Pure Energy alone is neither positive (+) nor negative (-), neither constructive nor destructive --- just the Potential for directionless desultory Change. Entropy is how science defines dissipative change. So, we need a new positive term (Enformy?) to designate beneficial, organic, accumulative, directional, or determined changes : the power to transform Old to New, Past to Future, Dead to Life : opposite to the entropic Arrow of Time. :wink:
Negentropy is used to explain the presence of “order” within living beings and their tendency to oppose the chaos and disorganization that governs physical systems.
https://www.scirp.org/journal/paperinformation?paperid=99336
Desultory : lacking a plan, purpose
Entropic :a thermodynamic quantity representing the unavailability of a system's thermal energy for conversion into mechanical work, often interpreted as the degree of disorder or randomness in the system.
Organic : having systematic coordination of parts : organized. an organic whole
Speaking of literal non-sense. How do you define Time, apart from metaphysical Measurement by a Mind?
Time has no physical properties to measure.
https://www.nist.gov/how-do-you-measure-it/how-do-you-measure-second
I'm not sure what ticked off, but I suspect he doesn't appreciate my references to fundamental Information, and other sub-physical notions that might have something to do with the emergence of Life from abiotic Matter. Apparently he can't make sense of my immaterial "gnon-sense". But, if Abiogenesis was a sensible thing, you'd think it would already be accepted as a physical fact, instead of a philosophical theory.

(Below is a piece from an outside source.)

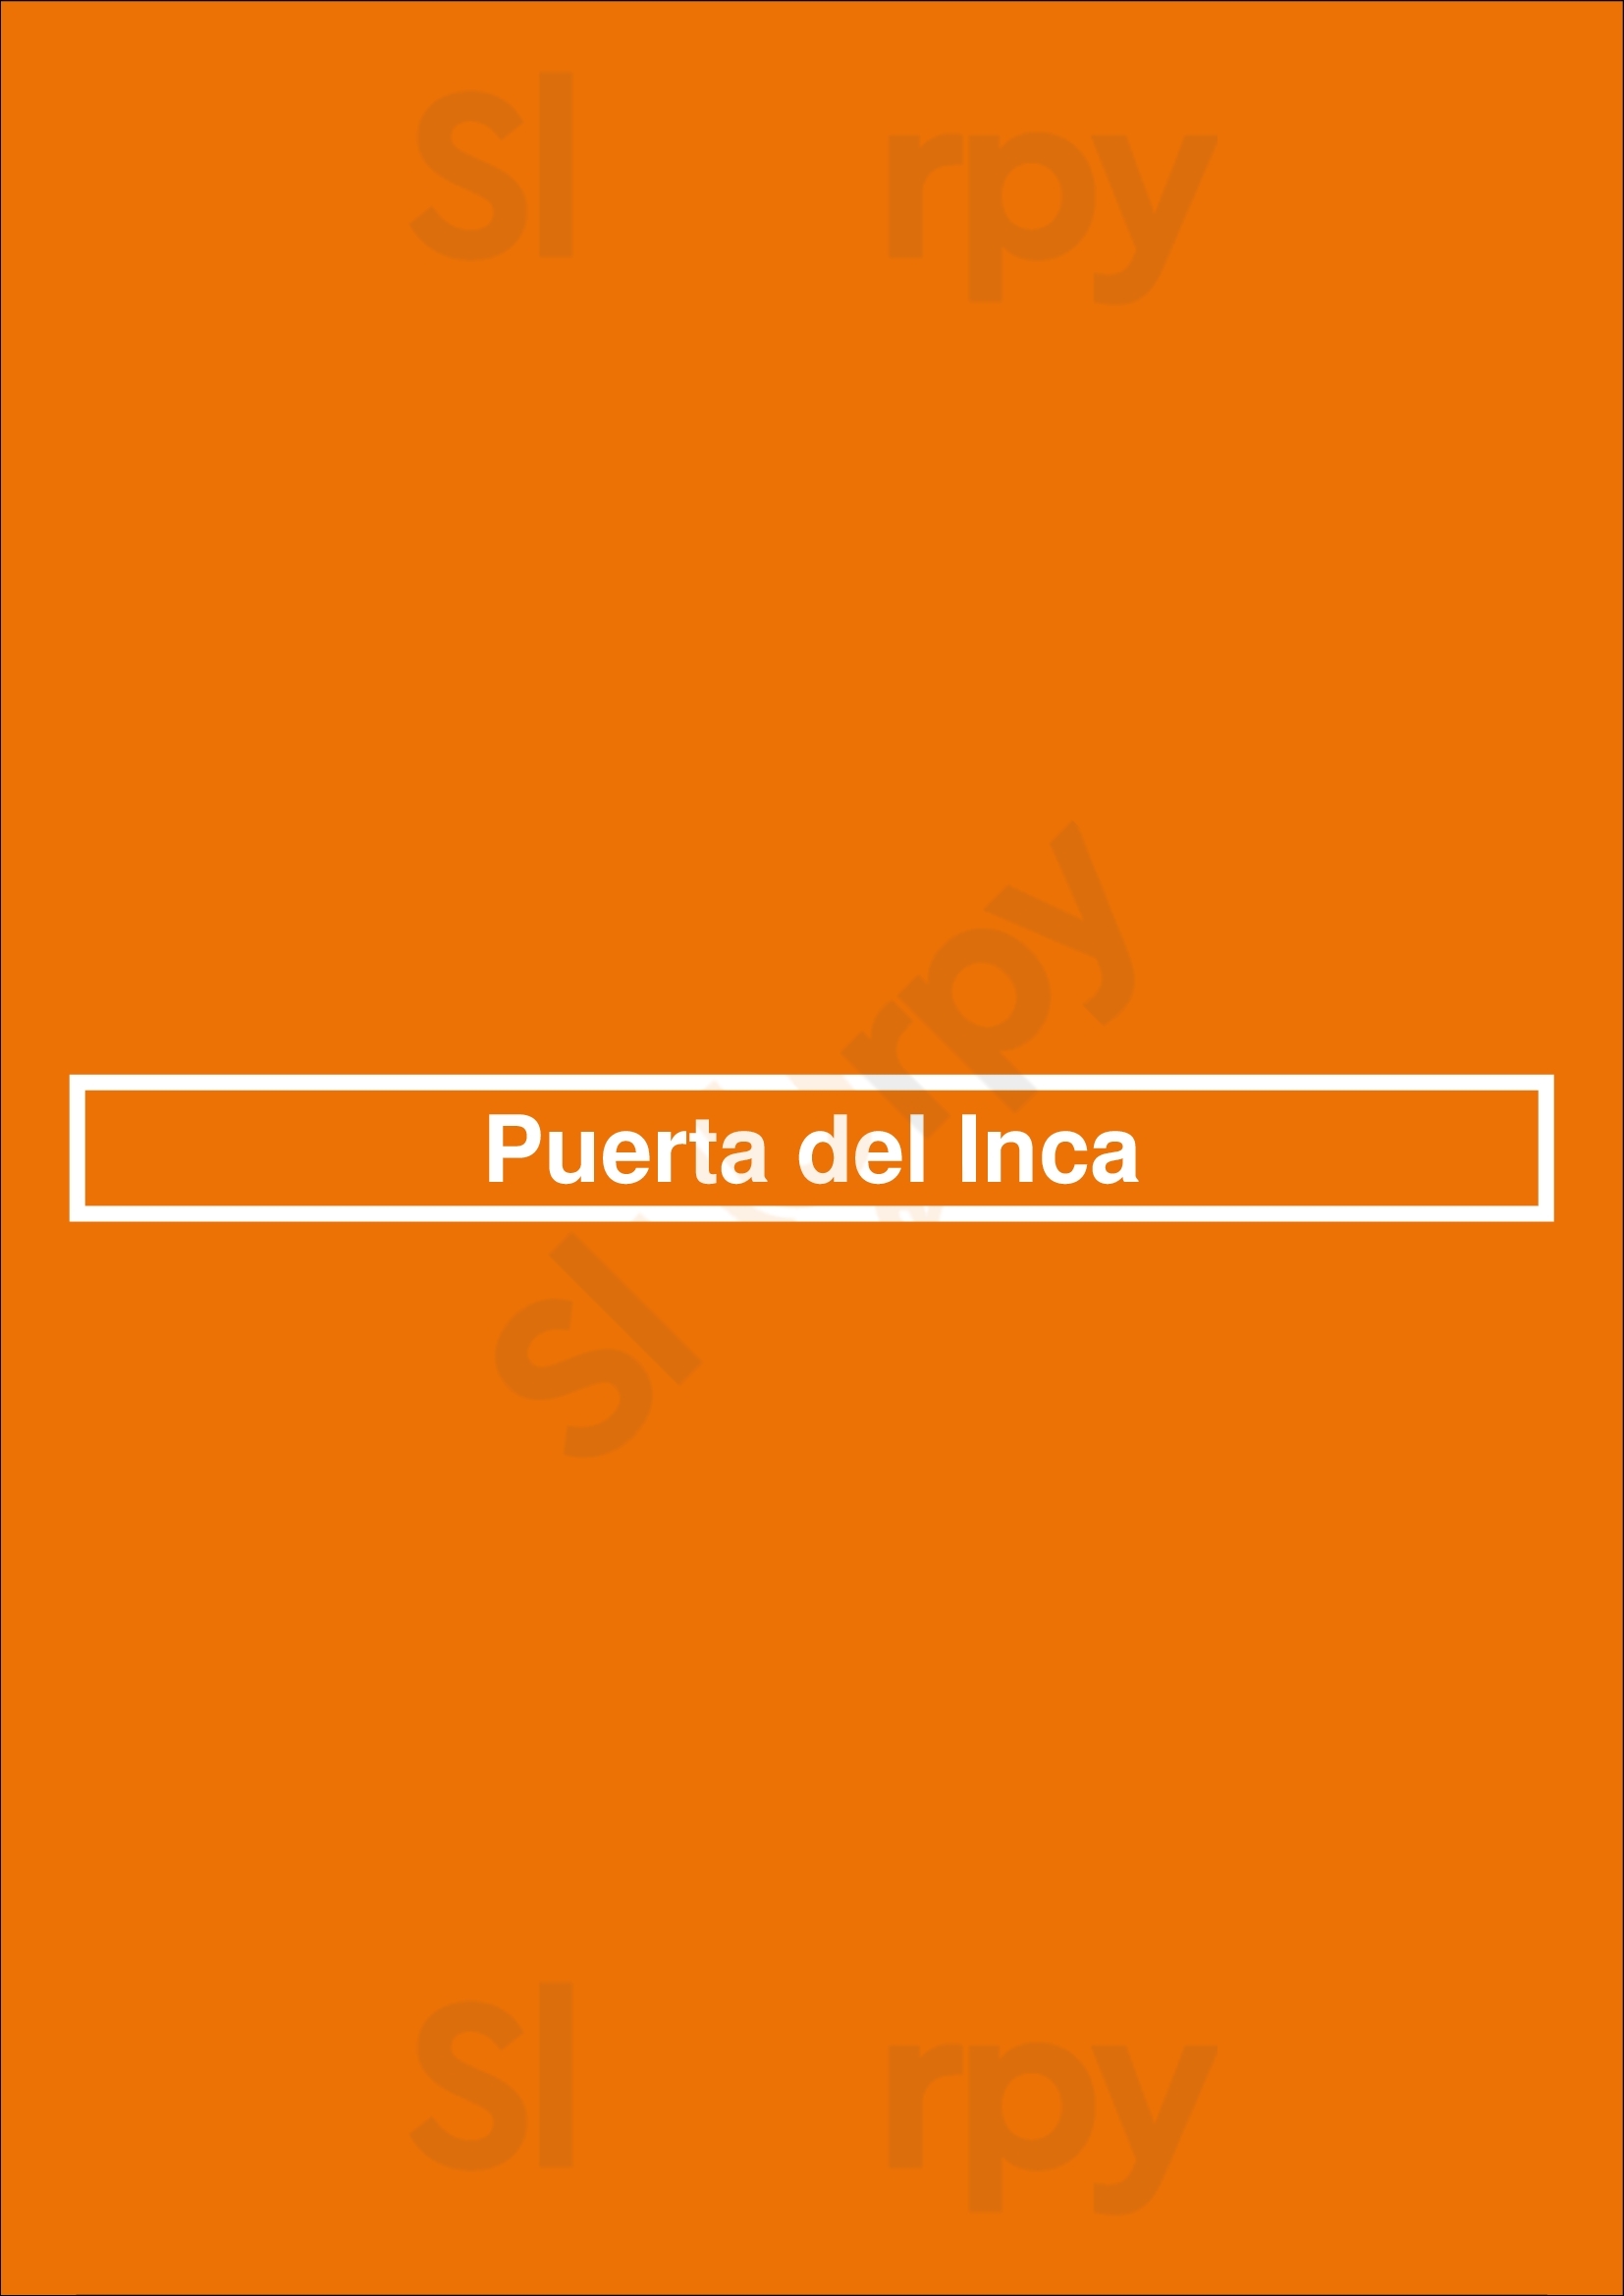 Puerta Del Inca Buenos Aires Menu - 1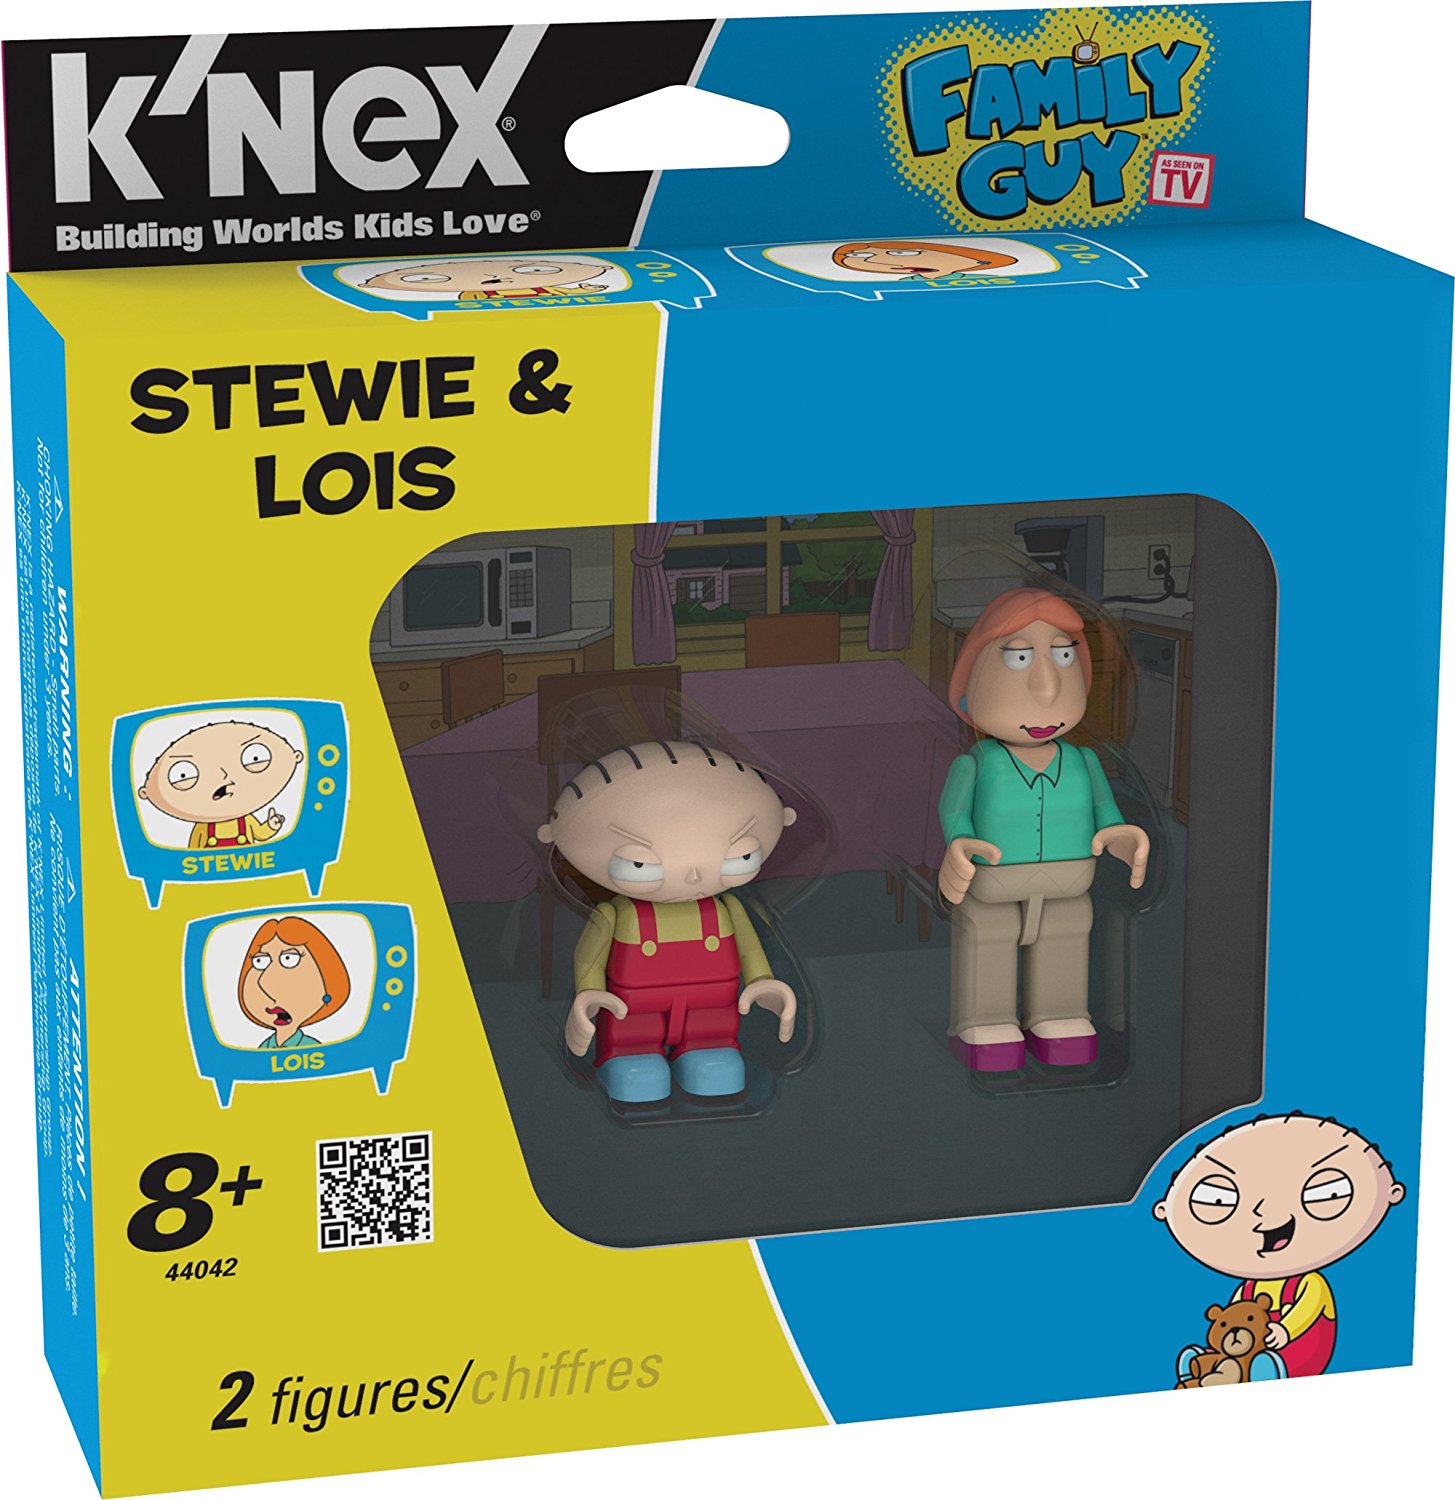 Family Guy: Stewie & Lois Building Figures!

I do use some concepts from Quantum Physics that are literally non-sense. For example, the hypothetical Quantum Field is not something you could perceive with your 5 physical senses. Although undetectable by senses or instruments, physicists assume that their imaginary mathematical grid must be real, because they have no better idea for the source of physical Energy (e.g. vacuum energy). I do postulate that Life is a form of Energy, which is a local form of universal Enformation (power to transform).
In a related topic, I just read about the novel notion of Information Realism in Bernardo Kastrup's Science Ideated. He attributes that worldview to mathematical physicist Max Tegmark, who claimed "matter is done away with and only information itself is taken to be ultimately real". The term "Information Realism" is also connected to Yale philosopher of Information Luciano Floridi. Who admitted that "information remains an elusive concept", hence it can easily be dismissed by materialists as "non-sense".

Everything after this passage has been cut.